Phoebe relaxed a little. David hadn’t lied to her; he would have left Sandra, he’d been just about to leave her. She pressed her hands against her stinging eyes. If only the driver hadn’t used the brake as she skidded on the black ice outside the school. If only David hadn’t been shepherding the Year Four children across the road at the time. If only David was still alive.
After a long time Phoebe went back to bed and let herself sink into memories of the past – the only thing that brought her any comfort.
Phoebe thought about the second time she had met David, many years after the barbecue on that hot summer day in the overgrown garden. This time it was winter, she had just returned from Thailand. Back at Nola and Steve’s, permanently cold, sharing her old bedroom with Amy; she felt uncomfortable, in the way, itching to get on a plane and leave again, she wasn’t even sure why she had come back to Britain.
She sat shivering, in multiple layers of clothing, in front of Steve’s computer, trying to find out how to get a job teaching English in Japan.
‘Planning your escape already?’ a voice said and Phoebe turned to find David standing beside her. Ten years had passed and this time his hair was short and he wore a suit and tie. The tie had pictures of Bugs Bunny printed on it and even though it had been loosened to reveal an unbuttoned collar and a tiny patch of chest hair, he looked ridiculously conventional. Phoebe stared at him, surprised at the transformation, though his face was just as handsome as before, his intense blue eyes making her feel like an awkward teenager again. She forced herself to swivel on the office chair and face him.
‘I’m grabbing the day, just as you advised.’

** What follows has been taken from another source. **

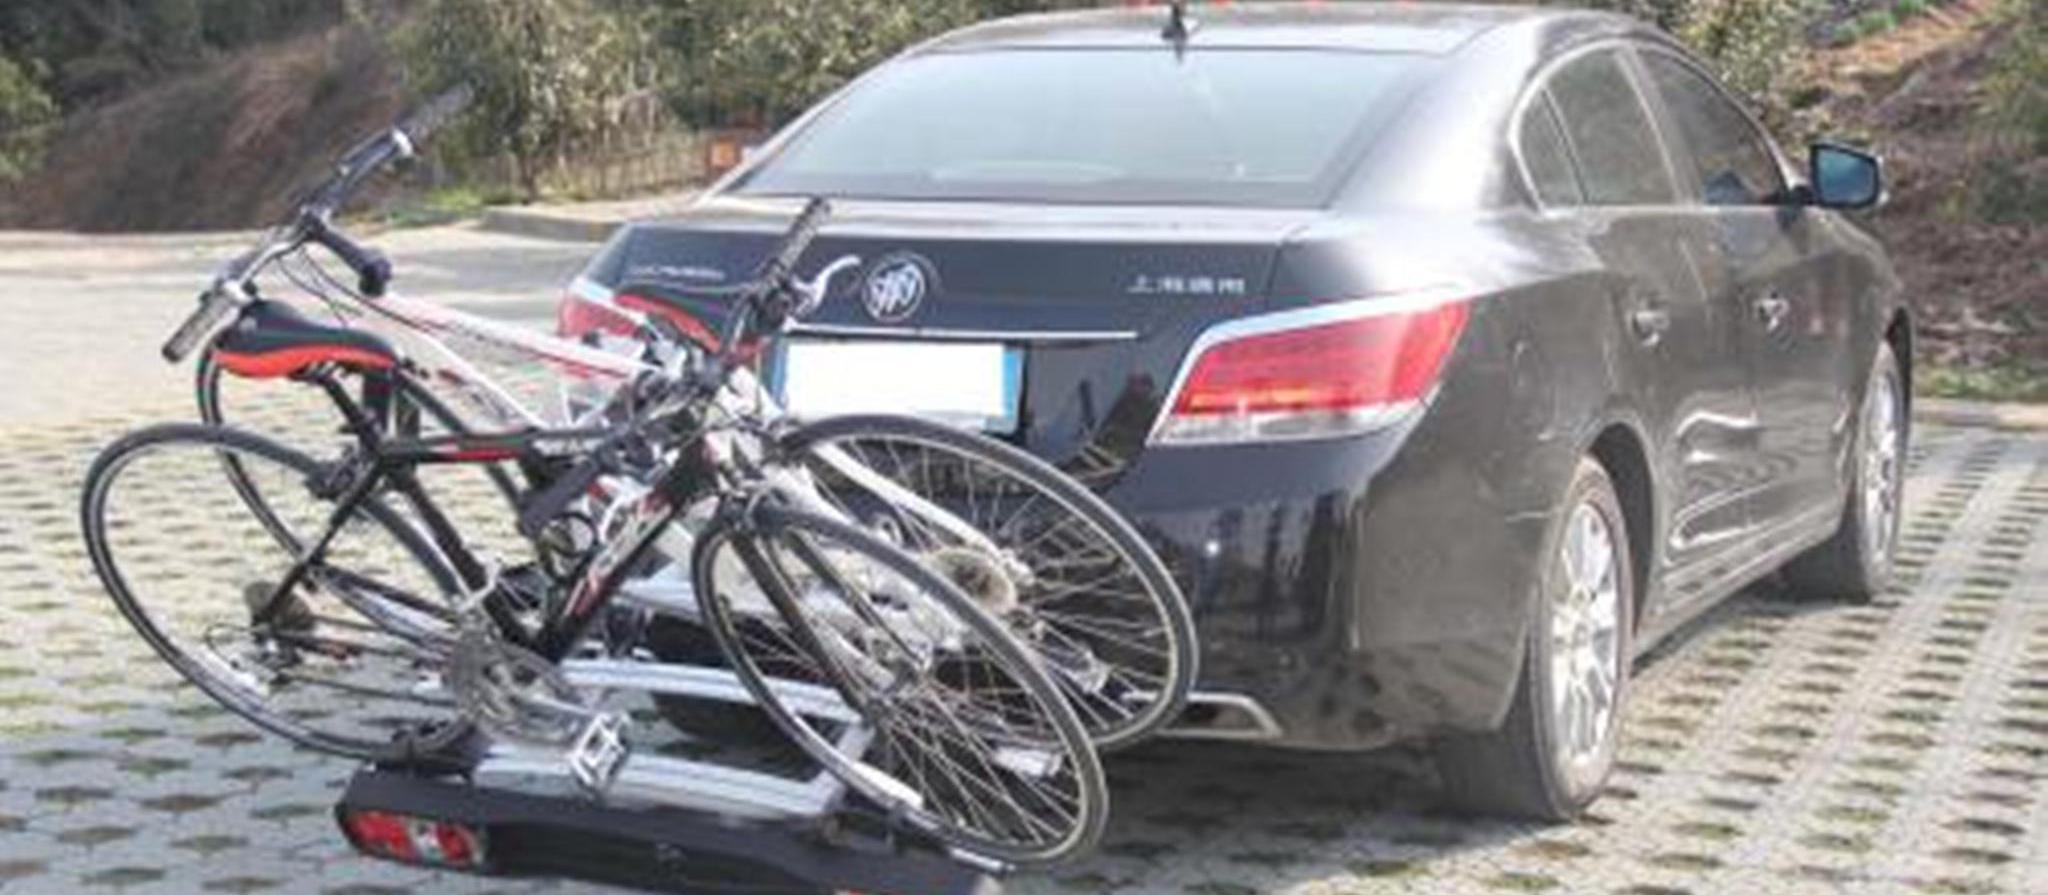 囧哥:自行车把轿车车头撞了
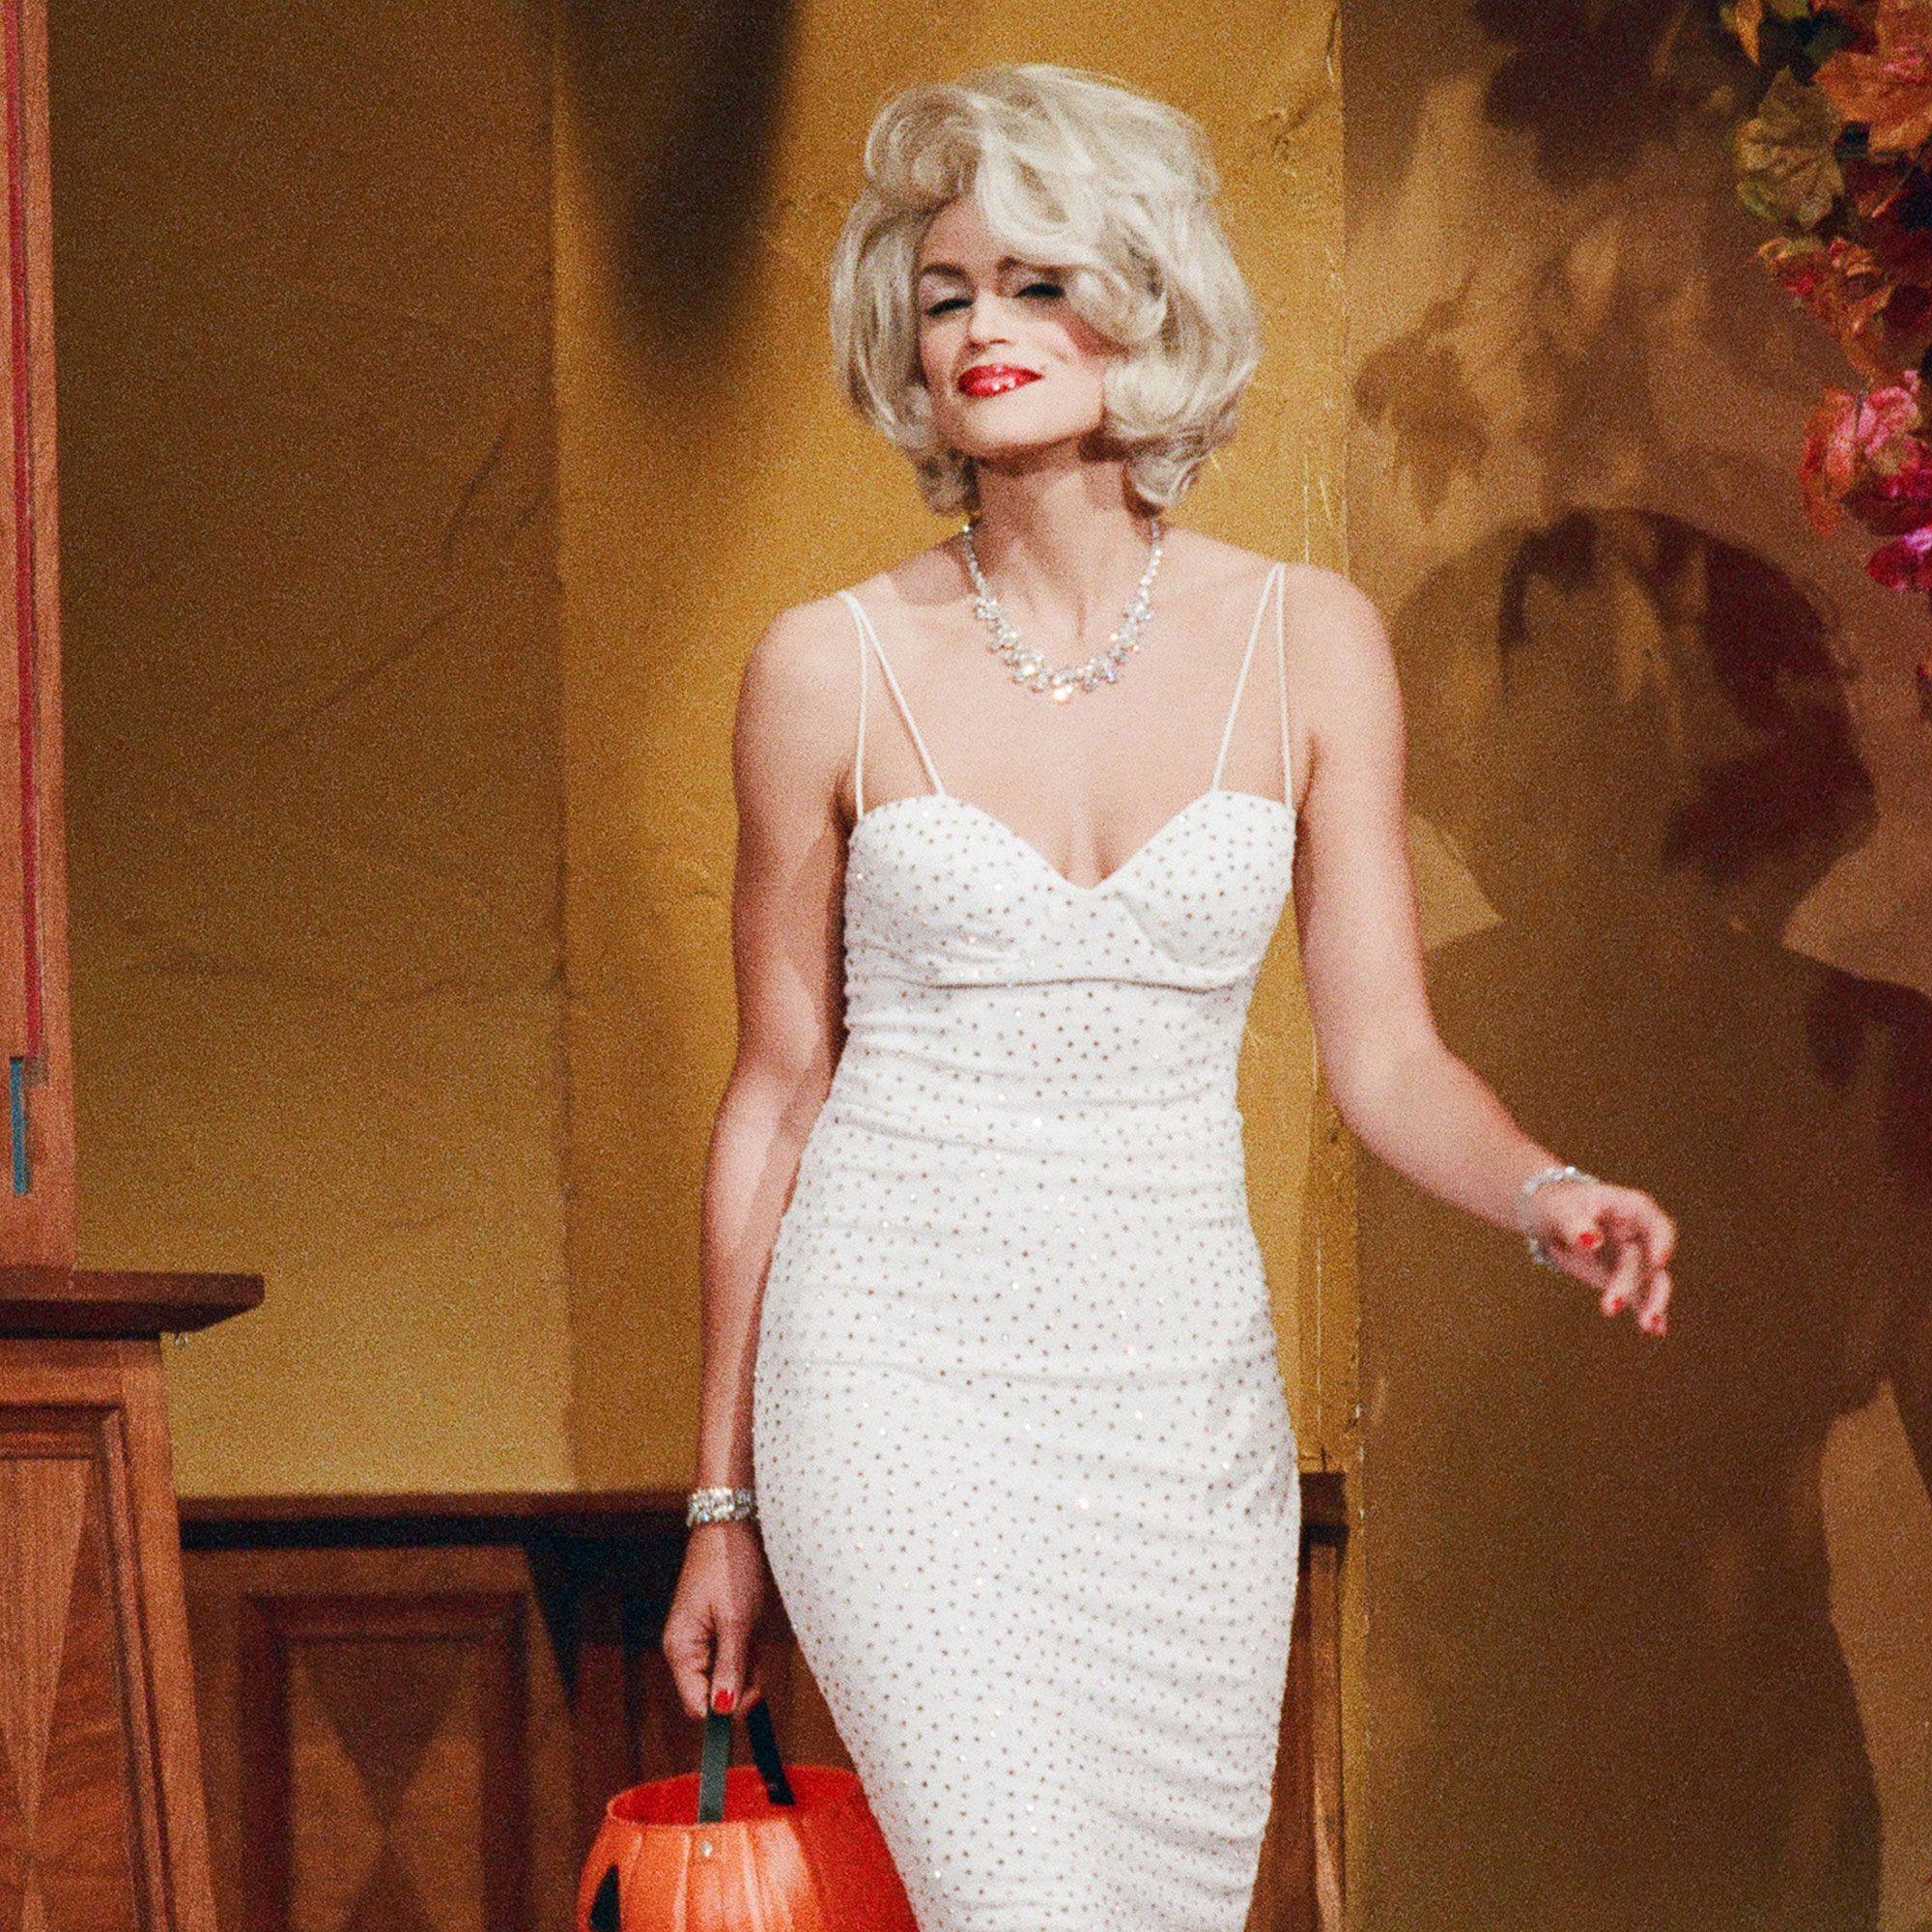 <p>1996, Cindy Crawford as Marilyn Monroe</p>

David raised an eyebrow in a question.
‘Don’t you remember
, live life to the full
, it’s what you told me to do,
see the world, meet people
.’
David grinned down at her. ‘Did I say that? I’m flattered that you remember.’
Phoebe felt her cheeks flush. Through the wall she could hear Sandra talking to Nola and the shrill shrieks of the twins up above in Amy’s bedroom – probably going through her rucksack, pulling out her bikini tops and denim shorts.
‘It was a long time ago,’ David continued. ‘Though I do remember that you looked like the kind of girl who was longing for an adventure, and from what Nola tells us you’ve certainly been having one. How long were you travelling?’
‘Too long – according to Nola – and I can just imagine the things my sister has been telling you about me. She thinks I’ve been wasting my time and wasting my education. She says it’s time to settle down and get a proper job.’ Phoebe made a face.
‘Didn’t you do something quite arty at college?’
‘Illustration.’
‘That’s right, I remember. I heard you were good.’
Phoebe shrugged. ‘What about you? Still living your life to the full?’
‘Well,’ David began slowly, ‘I’m sure you know that Sandra and I got married and that we’ve got twin girls. We moved back here to be closer to Sandra’s parents and now I’m headteacher of the local primary school.’ He paused as one of the twins let out a squeal above him. ‘I think that just about sums up the last decade for me. Is that enough information for you?’
‘I suppose I thought you’d do something more …’
‘Exiting?’
Phoebe found it hard to drag her gaze away from his. She smiled. ‘I just never expected to see you in a suit and comedy tie.’
‘Don’t knock what you don’t know. I did the travelling thing too, followed the trails, smoked the hashish, did the bungee jumps, but I’d say that becoming a father and a teacher has been the biggest adventure by far.’
Phoebe rolled her eyes and they both burst out laughing. ‘That sounded really corny, didn’t it?’ said David.
‘Just a bit,’ replied Phoebe. David leant against the study wall and ran his hands through his neatly cut hair.
‘You’re right. Life hasn’t exactly been what I was planning when I last saw you. Sandra got pregnant, I needed a job, we needed a house, teaching was the easiest and quickest option; living life to the full was suddenly on hold.’